Man kümmert sich nicht um das, was man eventuell hört, sieht, denkt und fühlt, sondern man richtet die Aufmerksamkeit nur auf den Atem. Einfach so! Einatmen, ausatmen, einatmen, ausatmen. Das ist eine sehr natürliche Konzentration. Die Verbindung mit dem Rhythmus des Atems ermöglicht das Verblassen und schliesslich das Verschwinden der Gedanken.

Aber am Anfang geschieht es leicht, dass Gedanken kommen und einen forttragen. Auf einmal ist man wieder mitten im Denkprozess oder es tauchen irgendwelche Bilder auf. Dann muss man die Aufmerksamkeit oder das Gewahrsein auf den Atem zurückbringen. Nur Atem! Das kann einem ziemlich langweilig erscheinen. Kommt man aber in diese Sammlung hinein, wird man sozusagen eins mit dem Atem, dann stellt sich ein rhythmischer Ruhezustand ein.

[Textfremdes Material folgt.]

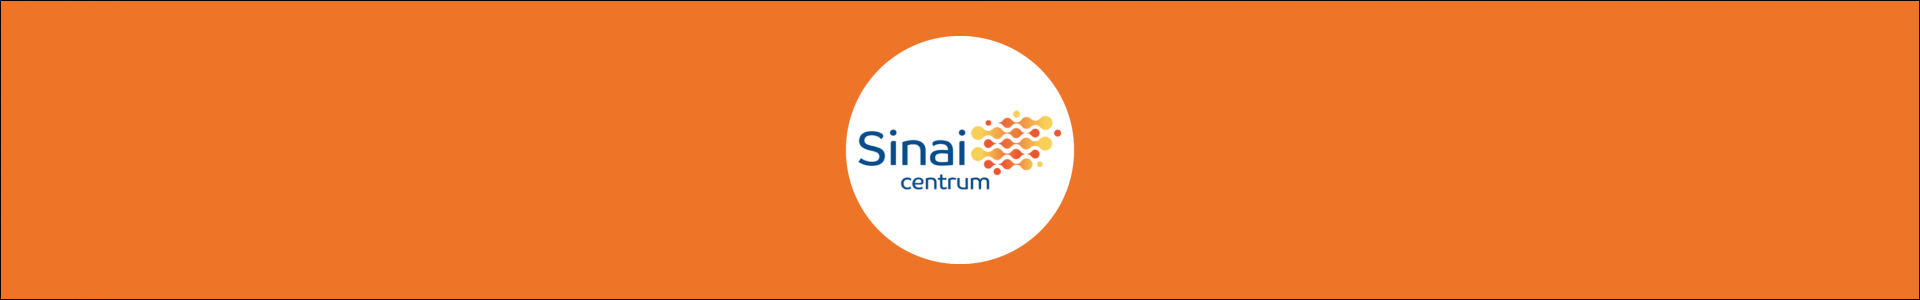 Sinai centrum

Verbleibt man darin – man kann die Fähigkeit, darin zu verbleiben, entwickeln – dann braucht man sich nicht mehr bewusst auf den Atem zu konzentrieren. Man weilt einfach in einem rhythmischen, harmonischen Ruhezustand. Verbleibt man darin, vertieft sich das Bewusstsein. Es ist – um das Symbol der Bergteichs zu benutzen – als ob man sich von der Oberfläche des Wasserspiegels löst und unterhalb des Wasserspiegels tiefer und tiefer ins Wasser taucht.

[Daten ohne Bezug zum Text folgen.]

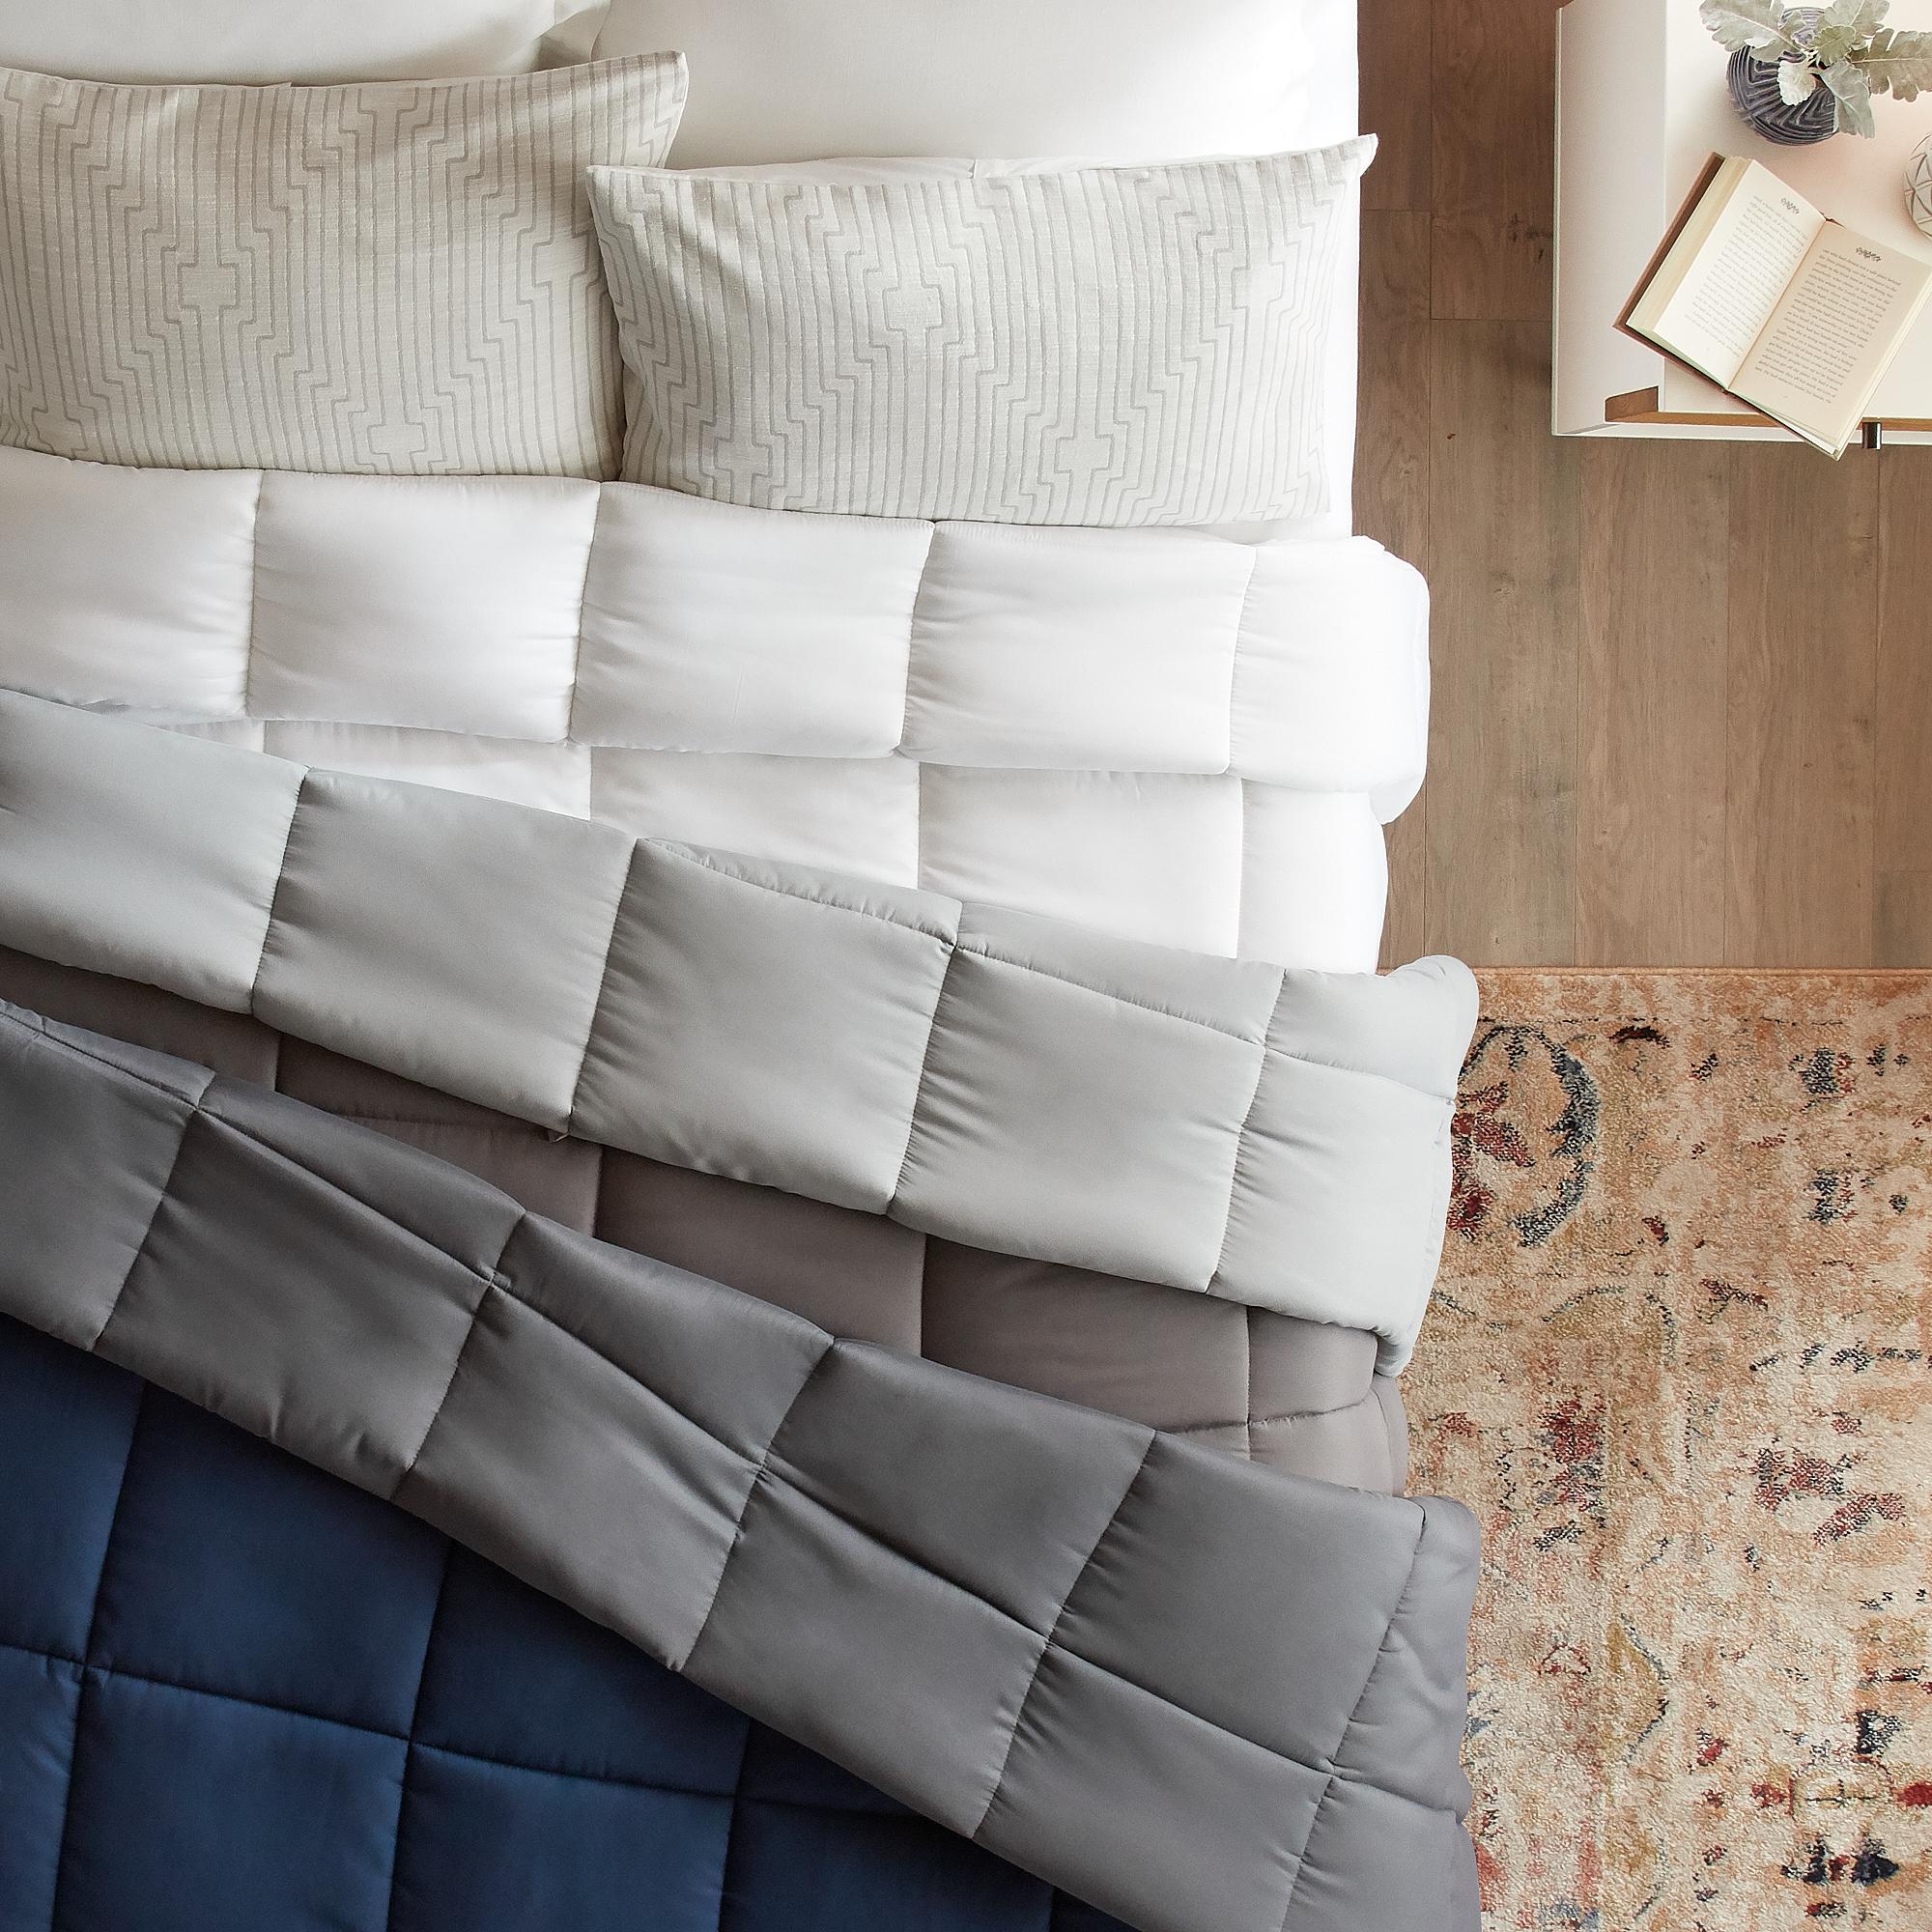 Rest Haven All-Season Down Alternative Comforter, Twin, White - image 1 of 10

Das ist also gemeint mit: Entleere deinen Geist und tauche tief ins Tao ein. So soll Meditation sein, vorstellungslos und inhaltslos. So, dass sich ein harmonischer Ruhezustand einstellt. So soll es sein!

Was leider nicht so ist …

Was leider nicht so ist. Weil man mit einem Eigenwillen an die Sache geht: «Ich muss jetzt meditieren; ich darf jetzt nicht denken; ich soll nichts sehen, nichts hören …». Man schottet sich ab und ist weit entfernt vom rhythmischen, harmonischen Zustand, in dem man eins ist mit dem natürlichen Atem. Man zwingt sich sozusagen in dieses Nicht-Denken, Nicht-Hören, Nicht-Sehen. So: (HP macht ein verkrampftes Gesicht und gibt einen gequälten Laut von sich).

Wenn man dies tut, ist es nichts weiter als ein Unterdrücken von allem, was sich im Bewusstsein abspielt. Man unterdrückt das Gedankenleben, das man hat, das Gefühlsleben, das man hat, die Triebkräfte, die man hat. Man unterdrückt sie alle. Das ist natürlich nicht Meditation. Das ist vollkommen falsch. Aber gewöhnlich ist es so.

Selbst beobachten

Ich muss wiederholen: Das Unterdrücken von allem, was sich im Bewusstsein abspielt – das Innenleben, die Gedanken, die Gefühle, die Verbindung mit der Aussenwelt, die Interessen, die Arbeit oder was es auch sein mag – das ist falsche Meditation; es ist gar keine Meditation.

Es ist, wie wenn man einen Deckel auf einen Mülleimer legt, sich auf diesen Deckel setzt und sagt: «Jetzt meditiere ich.» Man sitzt aber auf einem Mülleimer. Und auch die Fliegen kommen, die riechen das nämlich, und summen einem um die Ohren. Das kennt man ja! Und wenn man fertig ist und aufsteht, springt der Deckel auf und das ganze Gemüse im Mülleimer quillt heraus.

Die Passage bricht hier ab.